A piece in the LAT a few days ago noted that we have a situation in which a large number of federal judgeships remain unfilled, Legal logjam leaving judges’ seats empty in federal courts:
Almost one in eight federal judgeships is vacant in the country and legal scholars warn that the increasingly politicized confirmation process threatens the administration of justice across the nation.
Some of this is the result of slowness on the part of the administration:
Of the 102 federal judgeships open, there are nominees pending for 39 seats.
[…]
Obama has been taking longer to make nominations after learning of openings than did Bush, said Russell Wheeler, a Brookings Institution scholar who studies the selection of U.S. judges. Obama has taken an average of 325 days between vacancy to nomination, compared with 277 days for Bush. That might be explained in part, Wheeler said, by Obama’s decision to resume having the American Bar Assn. evaluate potential nominees — a practice abandoned by Bush.
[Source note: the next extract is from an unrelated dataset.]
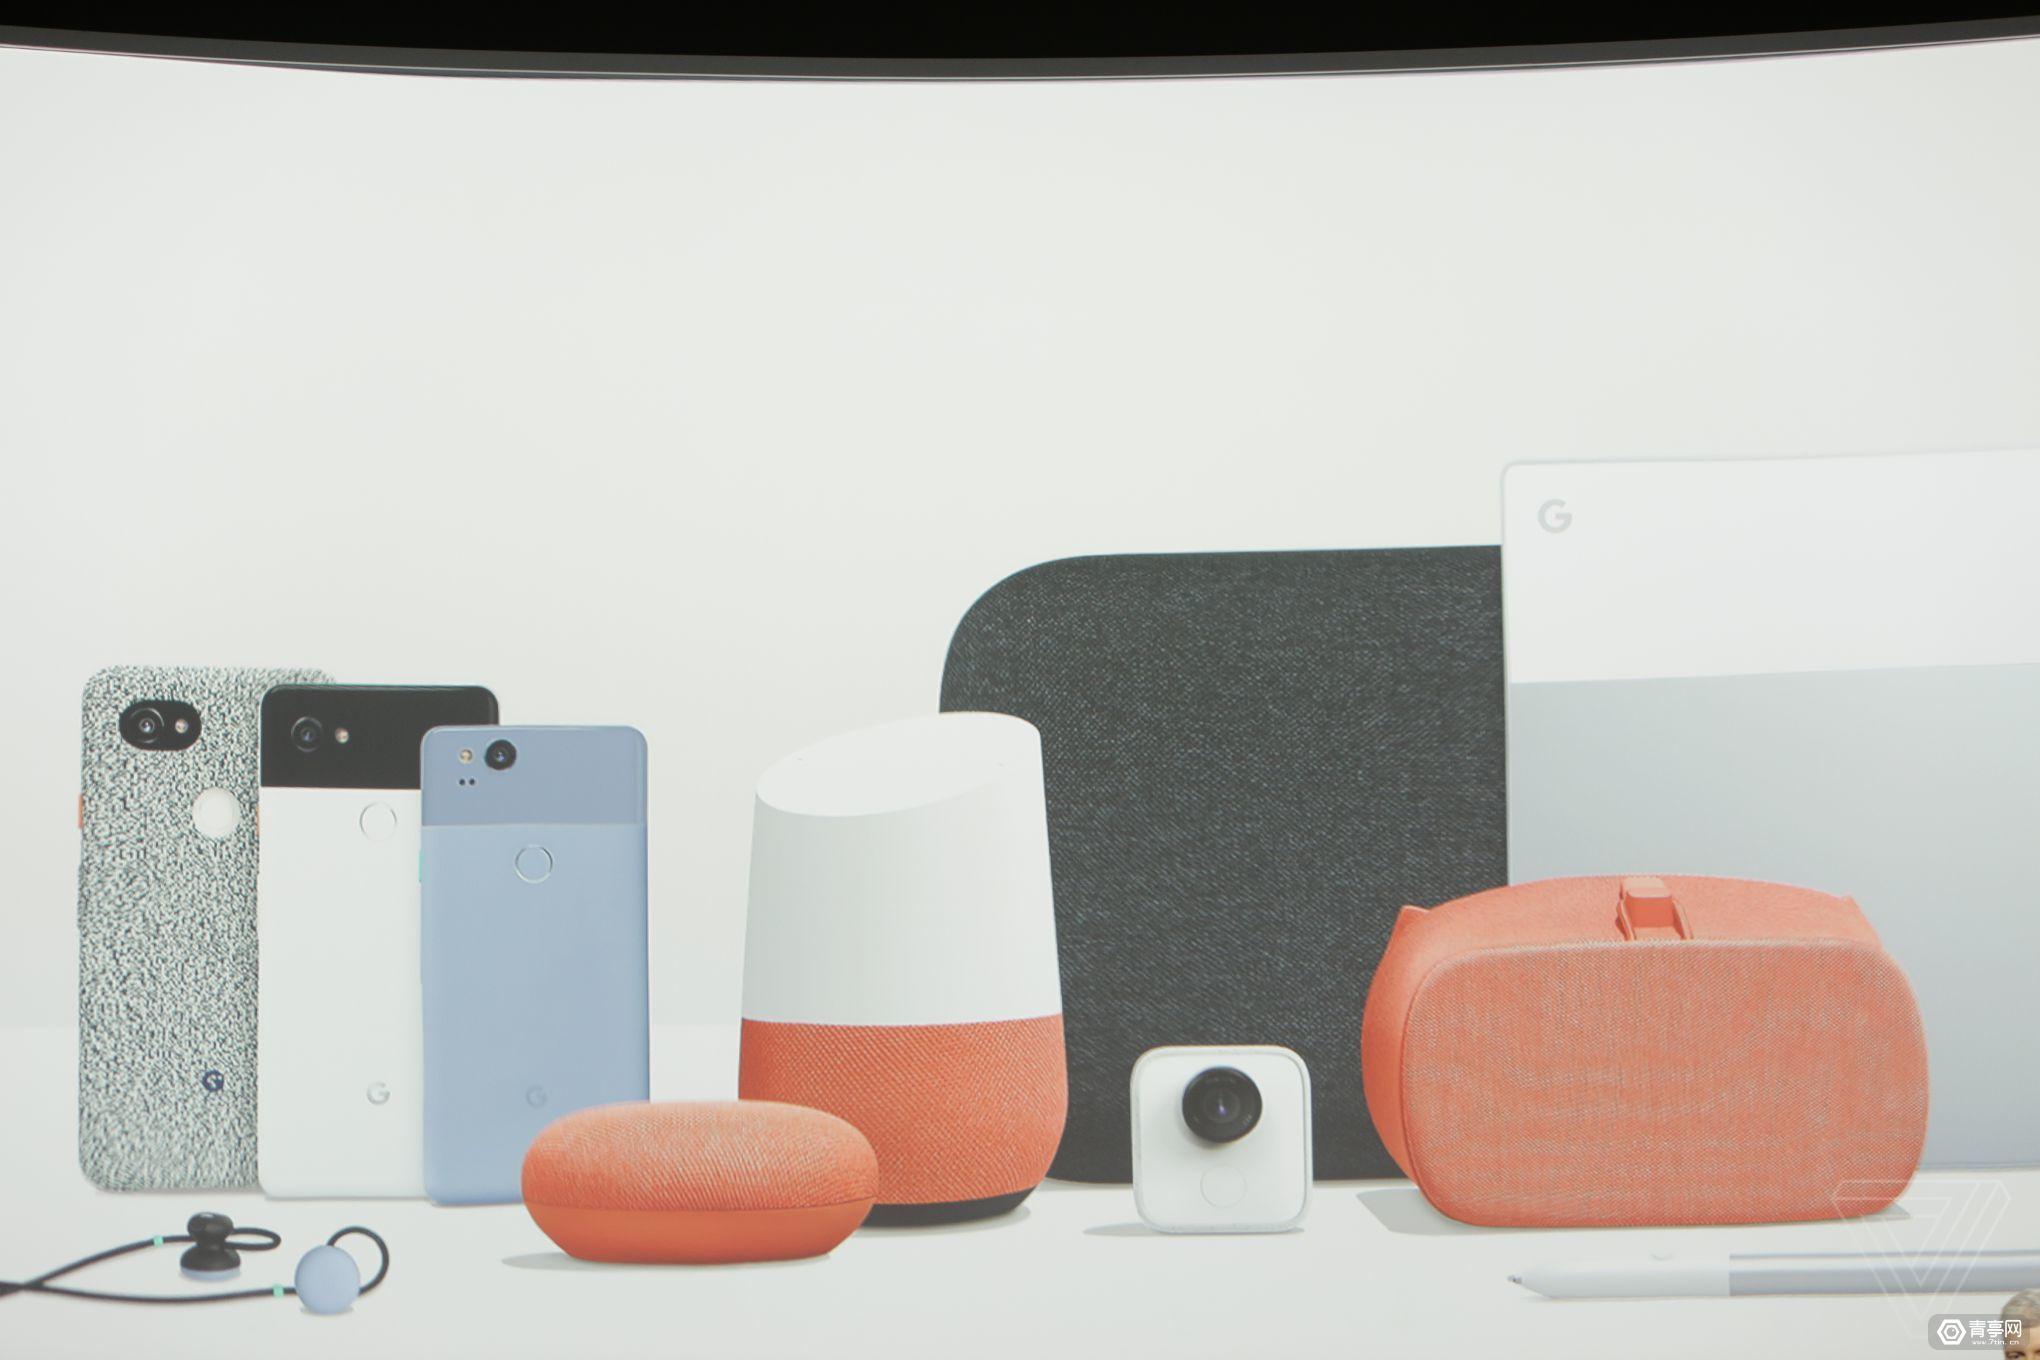 谷歌发布会十大新品:AR版英雄联盟,手机,音箱,笔记本,相机,VR头盔…
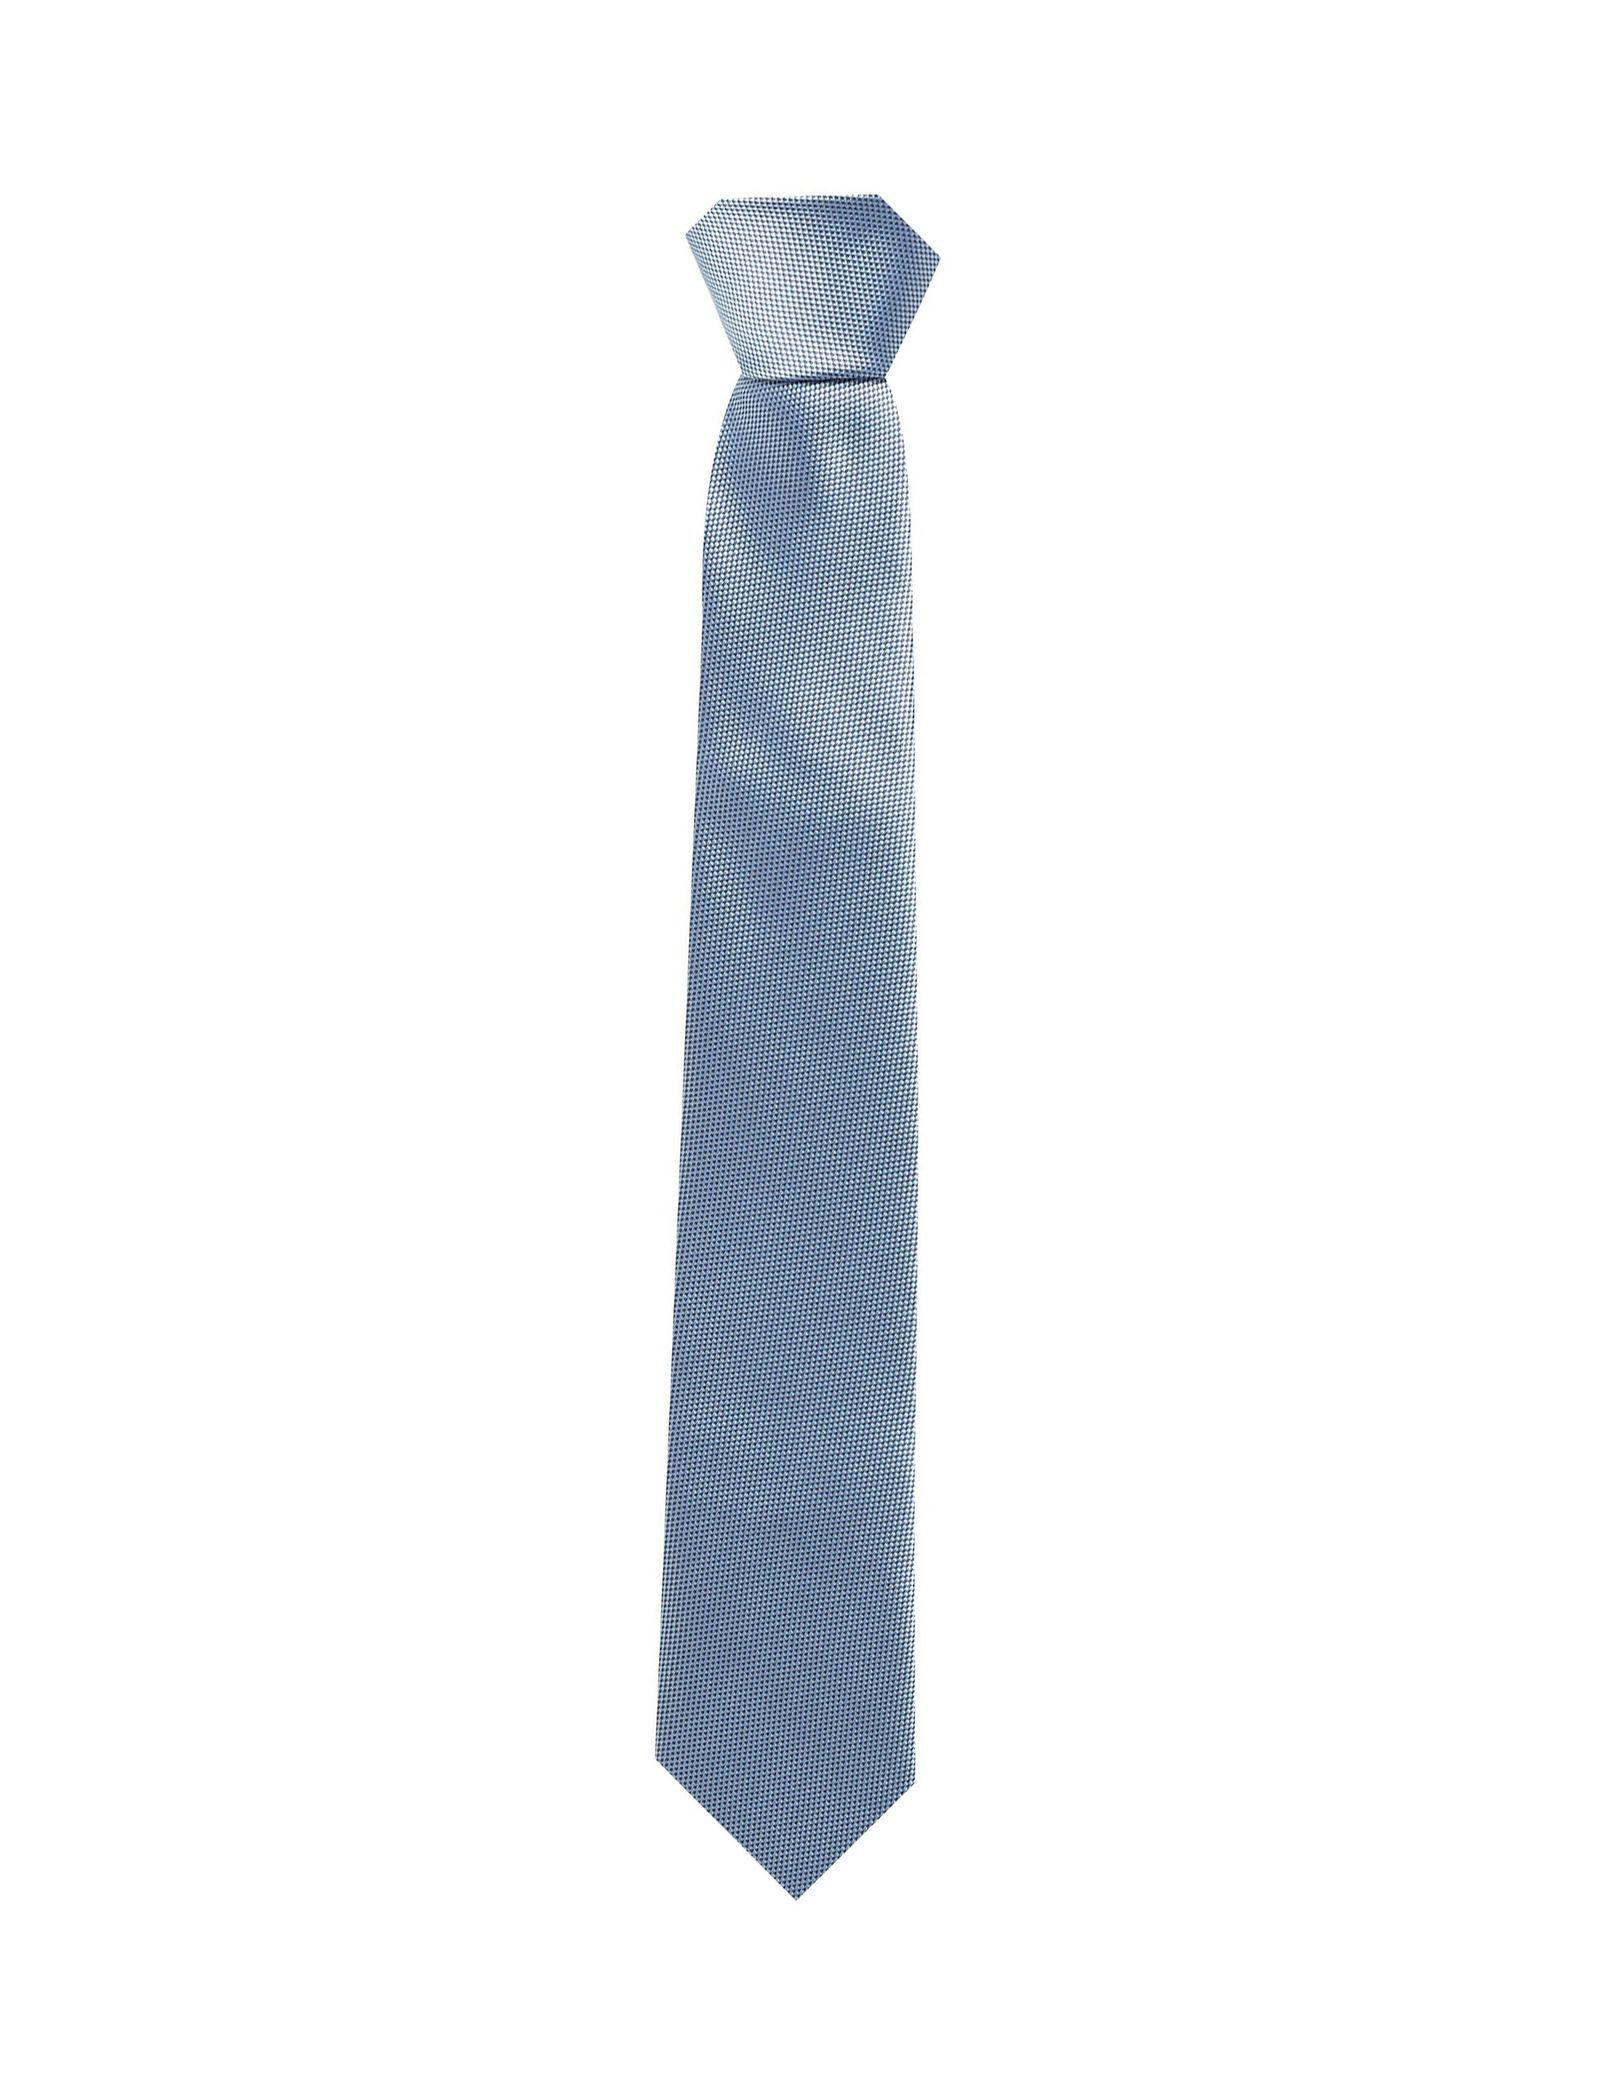 کراوات طرح دار مردانه - رد هرینگ - آبي روشن - 1

Part of it is obstruction in the Senate:
Obama’s judicial confirmation rate is the lowest since analysts began detailed tracking the subject 30 years ago, with 47% of his 85 nominations winning Senate approval so far. That compares with 87% confirmed during the first 18 months of the previous administration, 84% for President Clinton, 79% for President George H.W. Bush and 93% for President Reagan.
[…]
what was previously a politicized practice of holding up nominees to the circuit courts of appeal has “spread like a virus to the district courts,” Wheeler said. Bush got 98% of his nominees to the federal trial courts approved at this stage in his administration, [Russell Wheeler, a Brookings Institution scholar] said.
Some of it is because other issues have had priority:
Judicial analysts also point out that Obama has already appointed two Supreme Court justices, nominations that consumed much of the time the Judiciary Committee might otherwise have devoted to considering lower-court nominees.
At a minimum, the process is not working as it ought and it does seem that the main problem is that the confirmation process over the years has become more about partisan politics and point-scoring (or score settling) than appropriately populating the bench. And this is a problem for which both parties bear responsibility.